Browse Prior Art Database

Micro Controller Program for Pseudo Random Electrostatic Discharge Pulse Generator

IP.com Disclosure Number: IPCOM000114717D
Original Publication Date: 1995-Jan-01
Included in the Prior Art Database: 2005-Mar-29
Document File: 4 page(s) / 152K

Publishing Venue

IBM

Related People

Bou-Ghannam, A: AUTHOR [+7]

Abstract

Disclosed is a method which solves the implementation problem of using an 8-bit micro controller as a pseudo random Electrostatic Discharge (ESD) pulse generator.

This text was extracted from an ASCII text file.
This is the abbreviated version, containing approximately 47% of the total text.
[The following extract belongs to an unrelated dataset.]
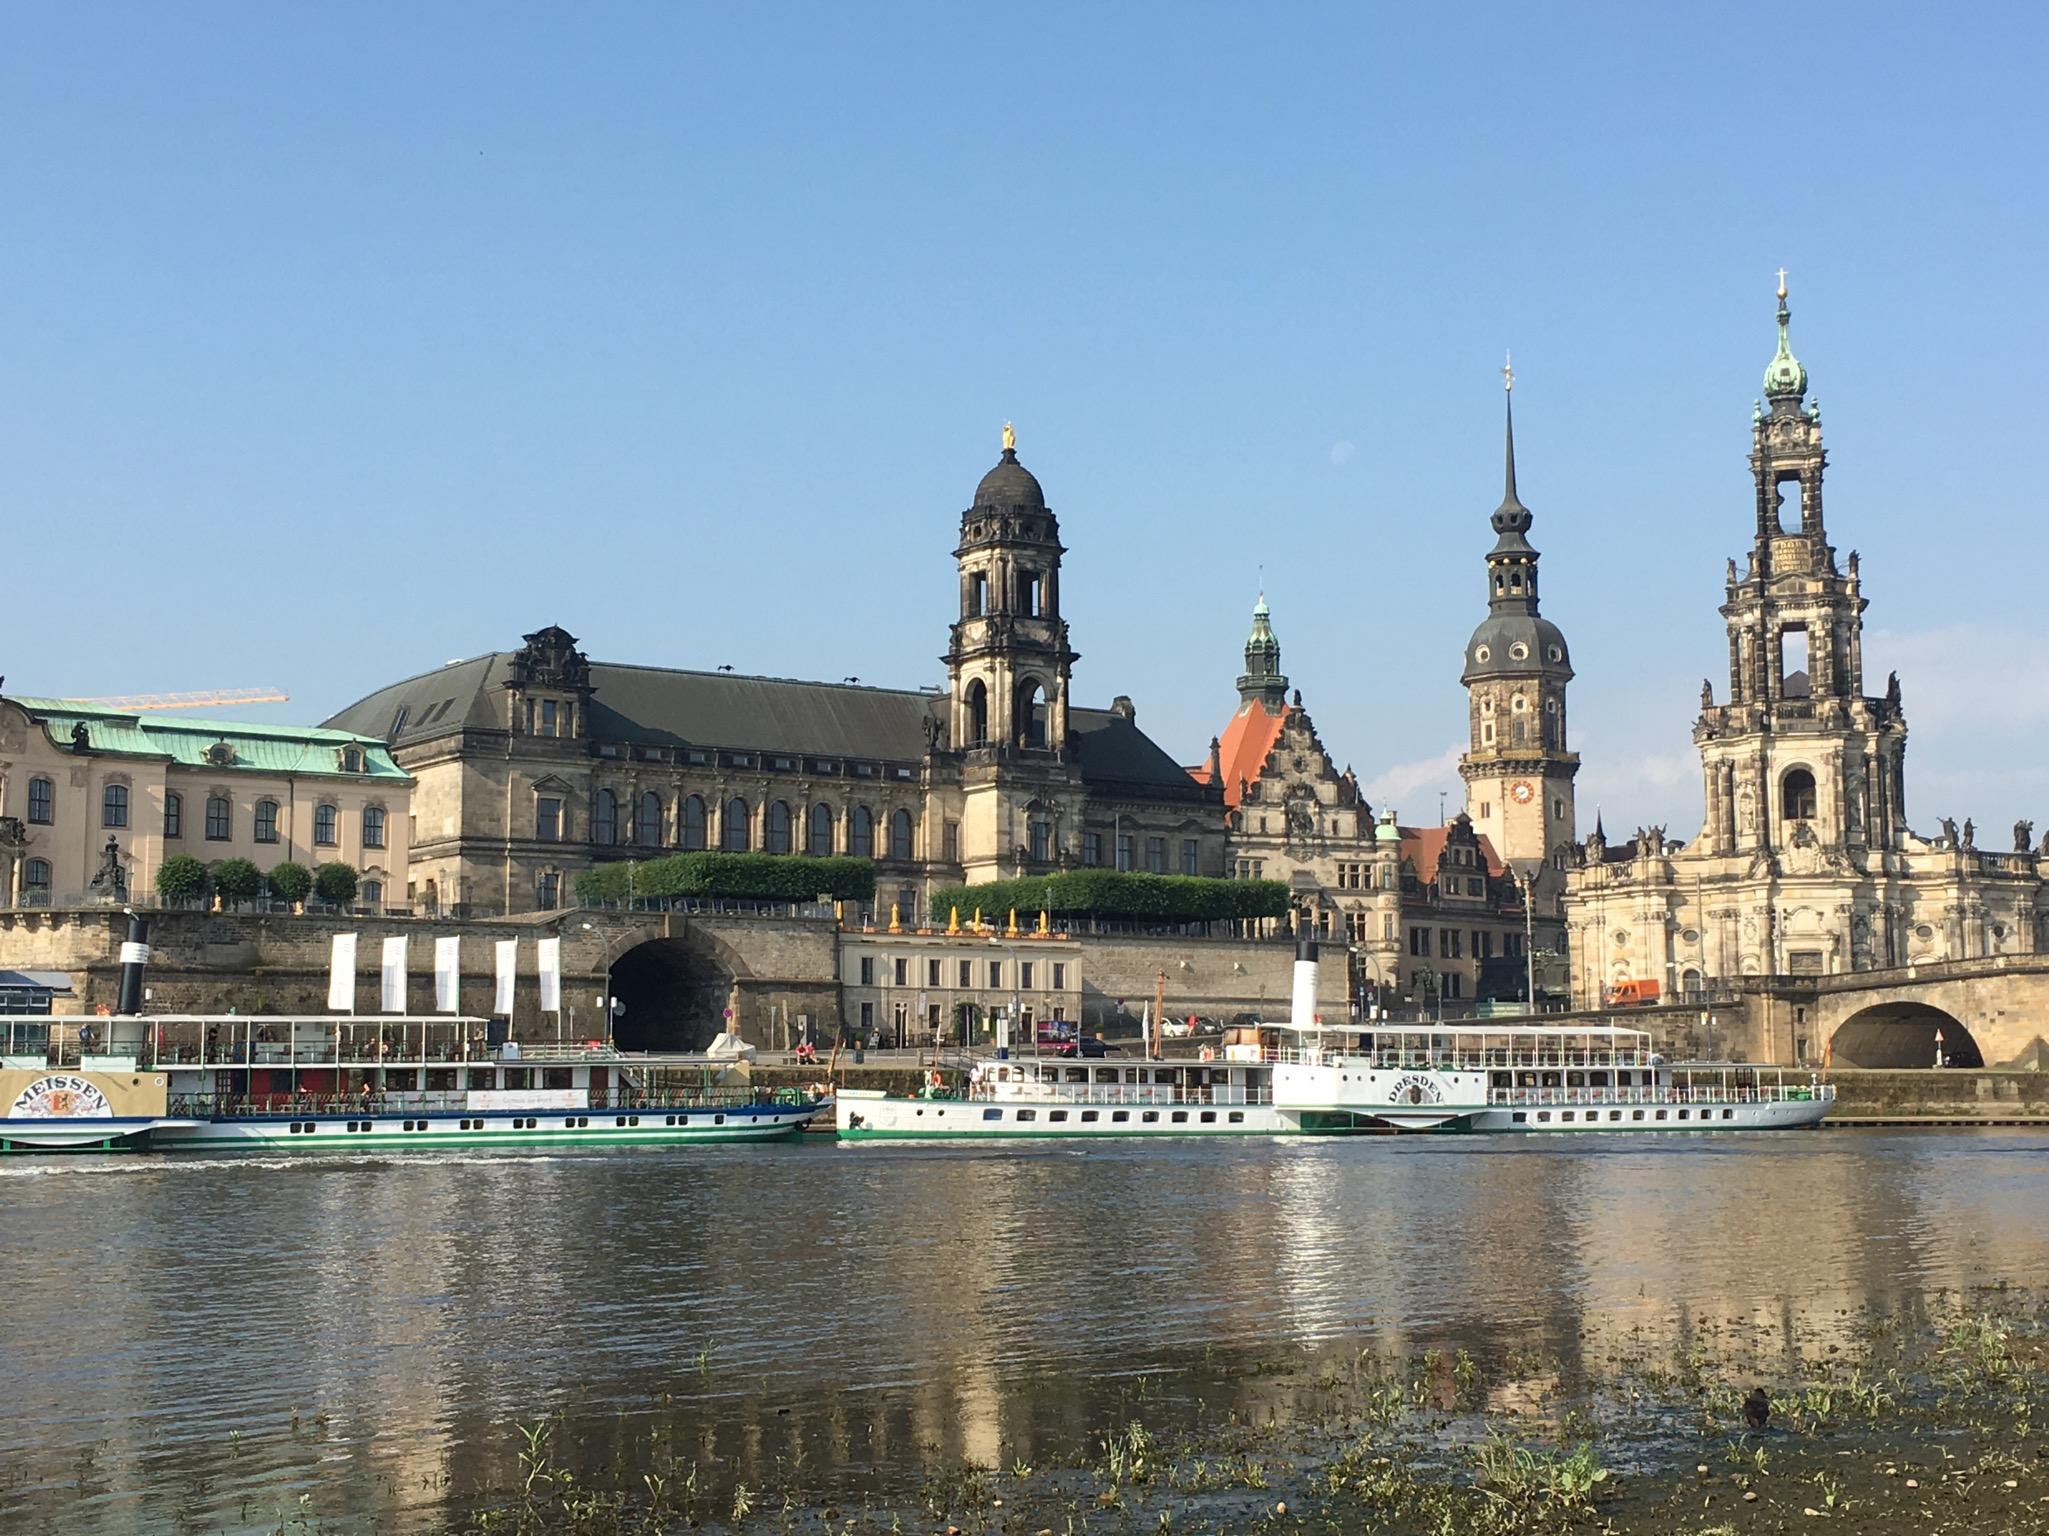 Things to do in Berlin - Dresden

Micro Controller Program for Pseudo Random Electrostatic Discharge
Pulse Generator

      Disclosed is a method which solves the implementation problem
of using an 8-bit micro controller as a pseudo random Electrostatic
Discharge (ESD) pulse generator.

      ESD can cause a number of problems with any kind of electronic
system.  Computer circuitry is particularly sensitive to ESD.  ESD
can come from a number of natural sources including people,
furniture, blowing air, and other equipment.  To test a piece of
equipment's susceptibility to ESD, IBM* and other companies will
expose the equipment to increasingly higher voltages of ESD while the
machine, computer, etc., is running.  This invention disclosure
describes a program that implements a pseudo random ESD pulse
generator on an 8-bit micro controller.  This results in a more
portable and lower cost design than described in (*).
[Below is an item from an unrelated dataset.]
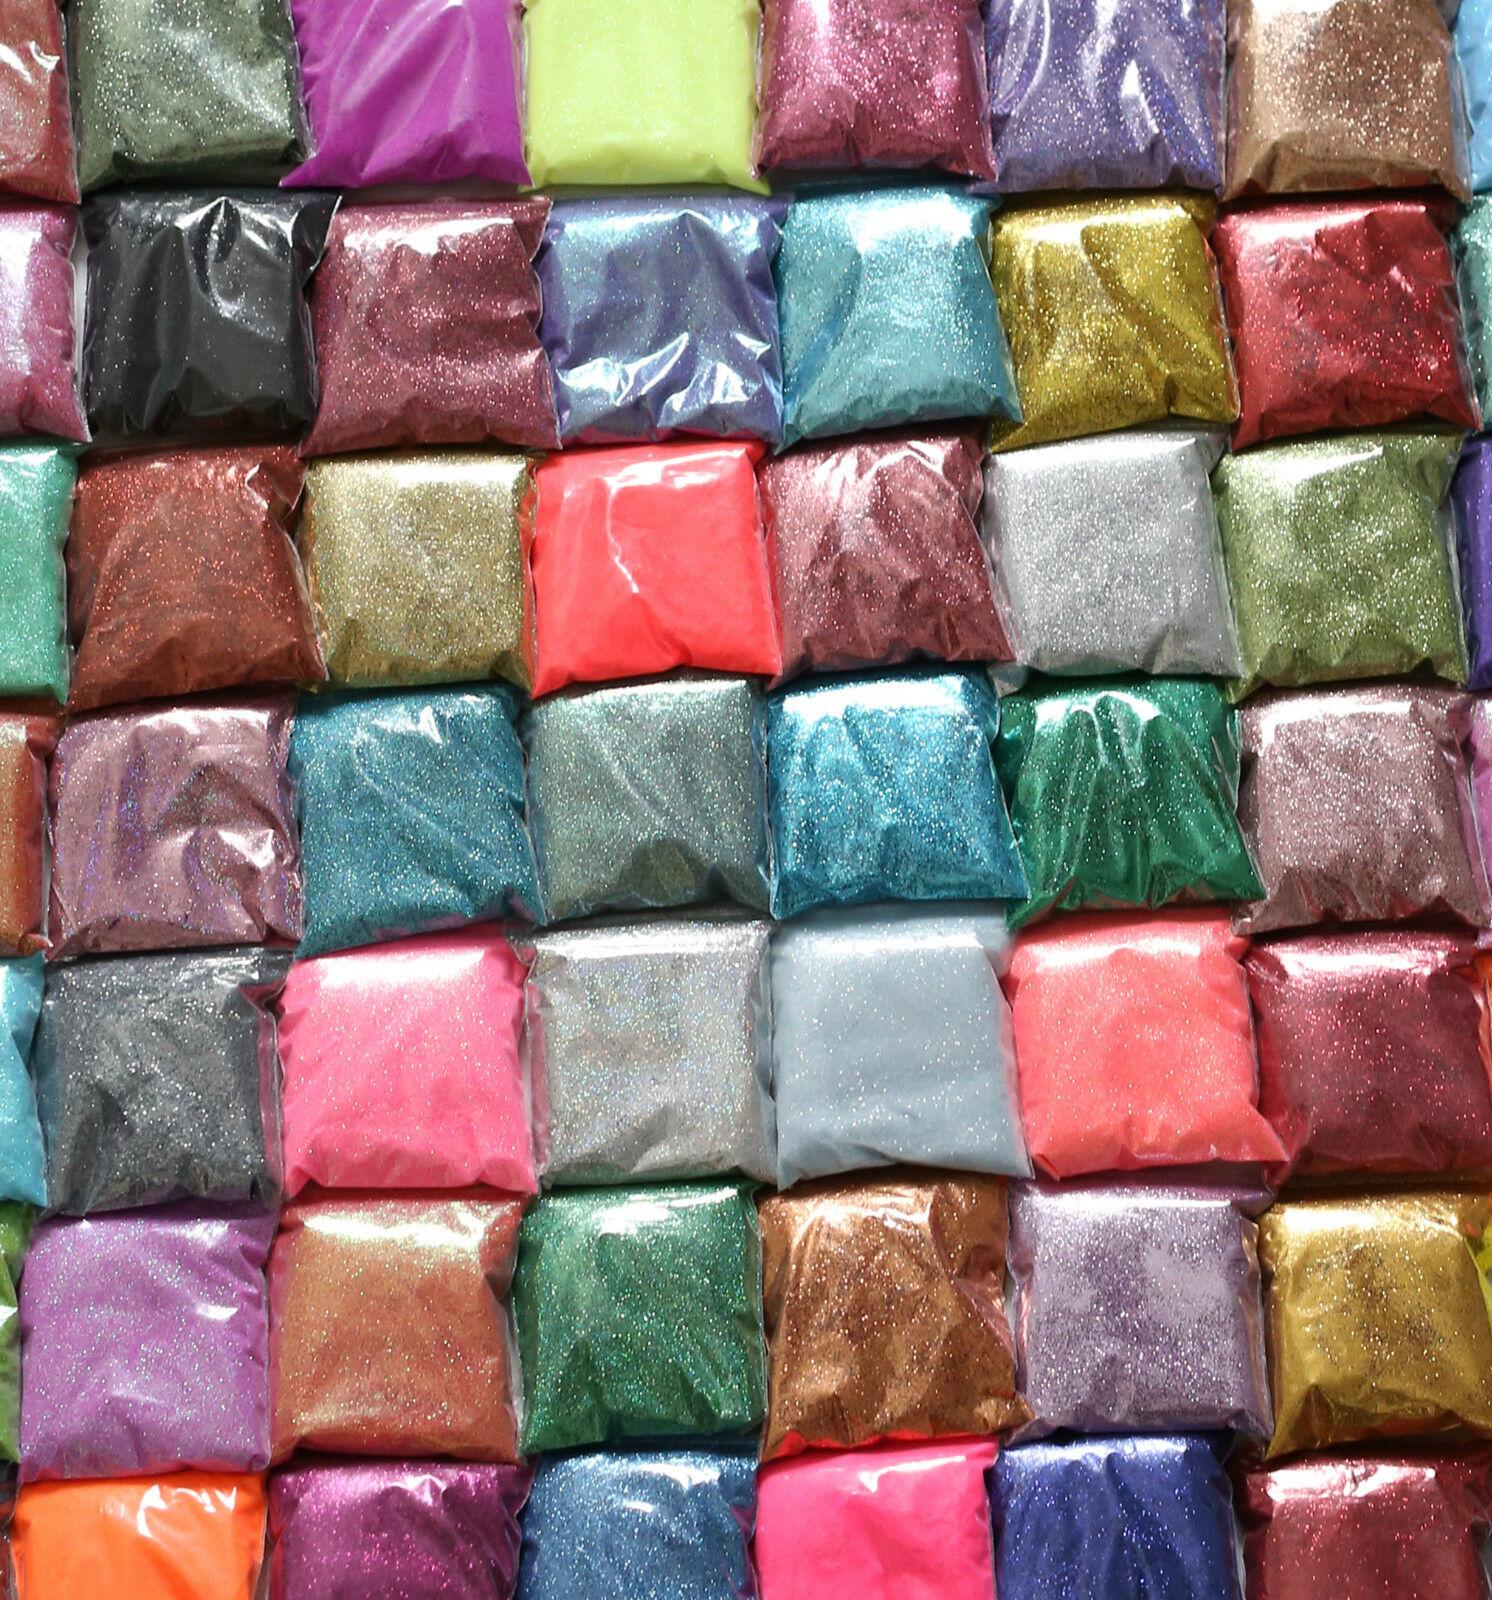 BUY 5 GET 5 FREE 100g Glitter premium bulk bag iridescent cheap holographic

      This program is written in a combination of BASIC52 language,
for ease of programming, and 8052 assembly language, to satisfy a
necessary speed requirement.  The program starts by initializing 2
timers (1) for later use in generating pseudo random time delays.
The program prompts an operator to first select either "random"
testing or "deterministic" testing (not shown) using the display and
keypad of the micro controller.  If "random" testing was selected
(2), the operator would be prompted to enter the "cycle time" (3) of
the machine under test.  Cycle time is defined as the time it takes
the machine under test to execute one step or subprocedure of a
program.  Next the operator will be prompted to enter the "test
program length" (4).  The "test program length" is defined as the
time it takes the machine under test to execute all of the
instructions of the test program.  Next the operator would be
prompted to enter the "proportion" (5).  The "proportion" is the
percentage of the instructions in the test program that you wish to
have receive an ESD discharge.  The tester will then calculate and
display "number of steps" (6) of the test program = "test program
length"/"cycle time".  Also, the "number of steps tested" (7) =
"proportion" * "test program length"/"cycle time".  Next the operator
will be prompted to enter the "minimum fire time" (8).  The "minimum
fire time" is the shortest period of a random on/off cycle.  The
maximum period will automatically be set at twice the minimum period.
The firing time will vary randomly between these upper and lower
values.  The "average firing time" (9) will then be calculated and
displayed.  The "average firing time" will be halfway between the
minimum and maximum firing times because of the random distribution
of the "firing time".  Next the operator may select to either specify
the "length of the ESD test" (10) or a "probability of coverage" of
the test program.  If "length of ESD test" is selected then the
operator inputs the length of time (11).  The ESD tester will then
calculate...